Molecular analysis showed that G. hieronymi is found in the same clade as G. chamelense, sharing an arched exoperidium, fibrillose peristome, endoperidial surface with spines, which are formed by bundles of hyphae (Zamora et al., 2014) or strongly asperate with acute or subpyramidal spicules (Ponce de León, 1968).

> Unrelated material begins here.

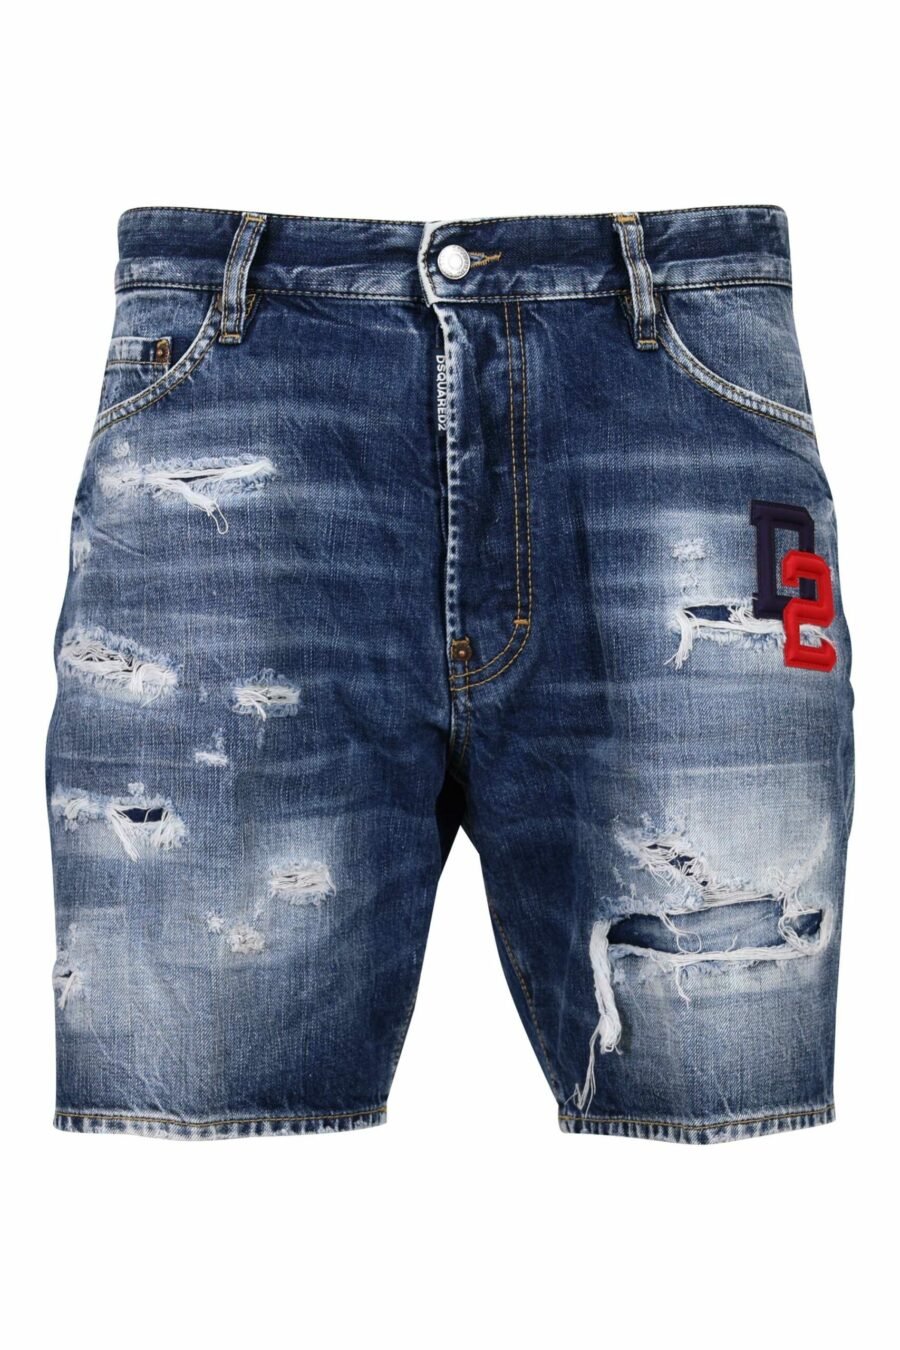 Blue denim shorts "marine short" with red logo - 8054148339920 scaled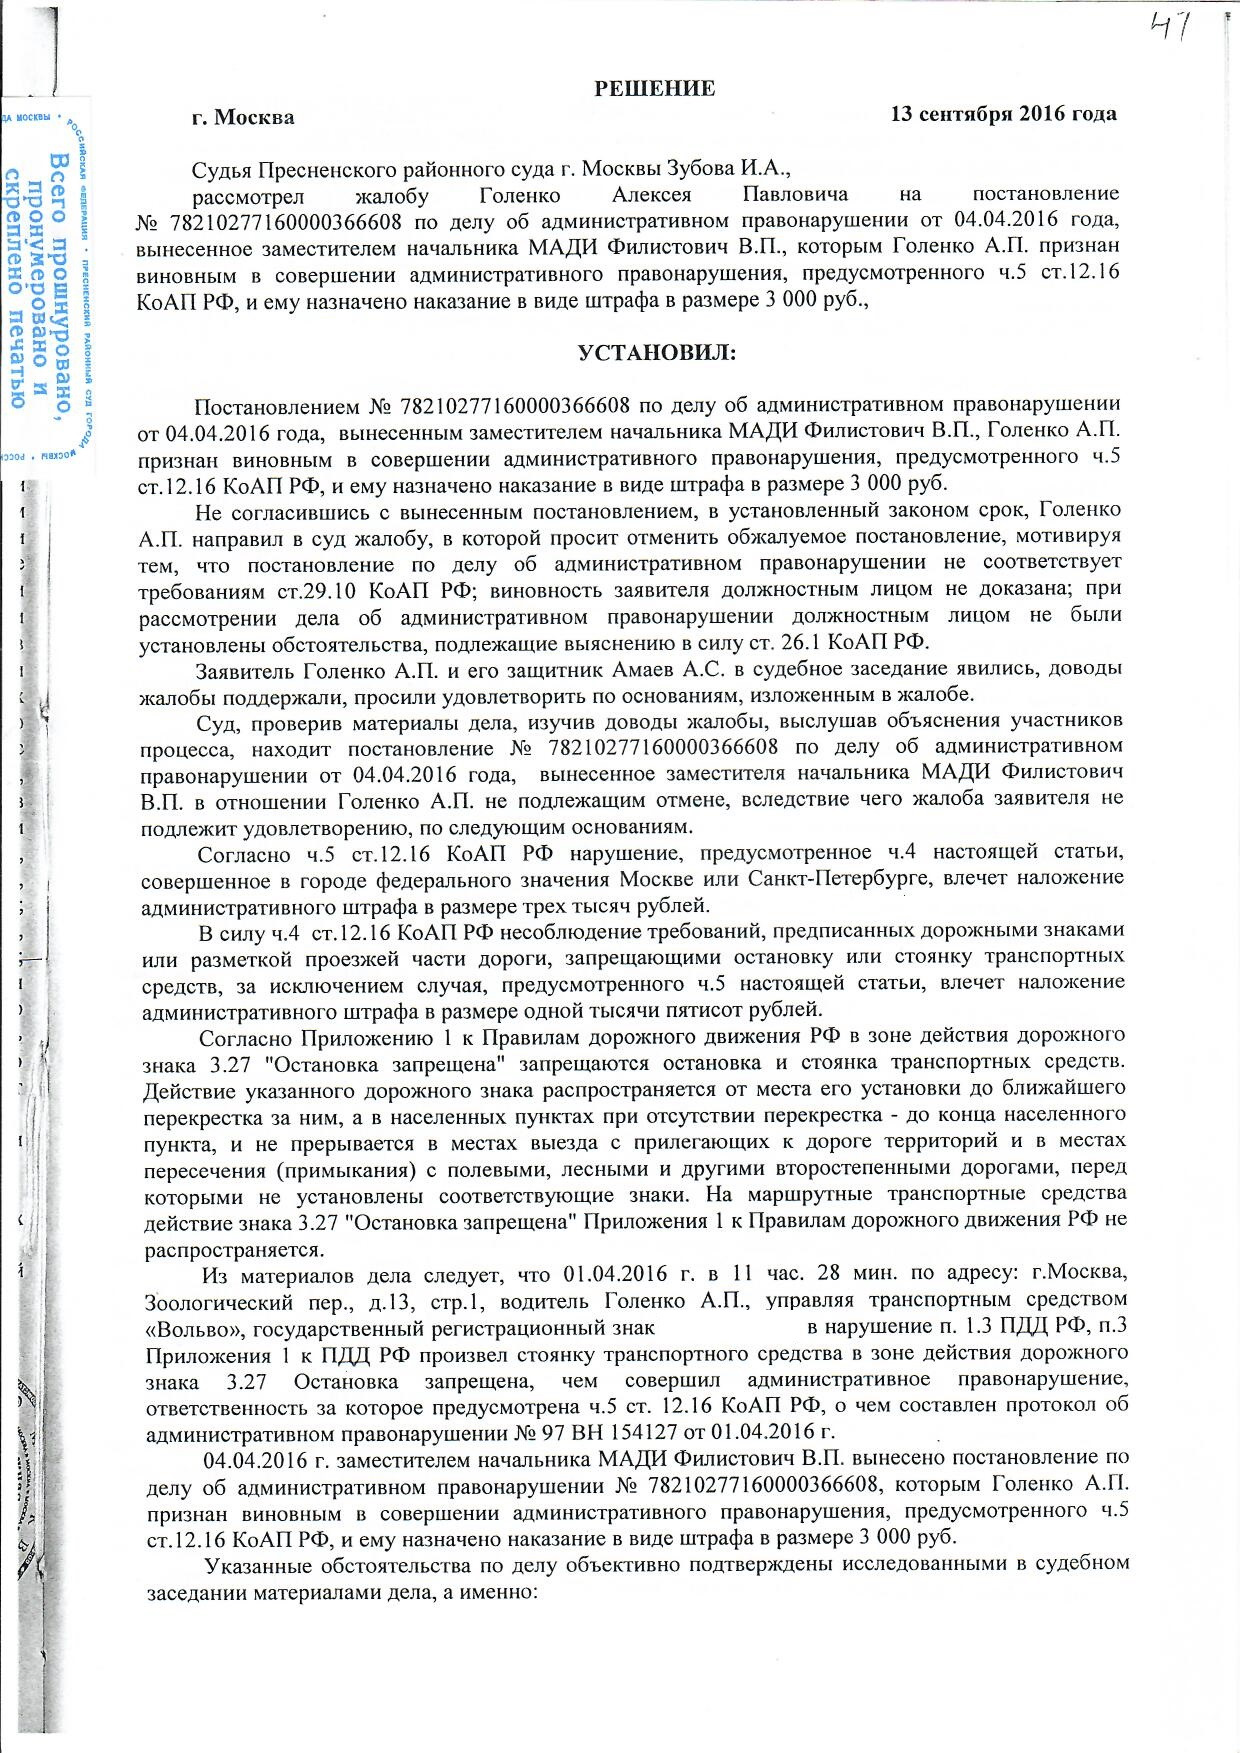 Объяснение по ст 51 Конституции РФ

Although these authors refer to G. hieronymi as having a stalked endoperidial body and prominent apophysis, this character was not observed in the studied specimens. Regarding the microscopic characteristics, the spores of G. hieronymi are much larger, up to 6 (m in diameter and warty (Ponce de León, 1968). Therefore, the differences are notable between both species.
Conclusions
Geastrum chamelense is recognized as a new species based on morphological, ecological and molecular data. Although this species is close to G. setiferum because they share the setiferous elements in the endoperidium, the macro- and micromorphological characters and its position in the phylogenetic hypothesis based on ITS, LSU, rpb1 and atp6 markers were decisive to separate them as different species. Worldwide, Geastrum has 109 valid species (Index Fungorum, 2021); of those, 29 species (26.6%) have been reported in Mexico, including G. chamelense. It is important to continue with taxonomic studies of this genus to contribute with new records and new species for the Mexican mycobiota.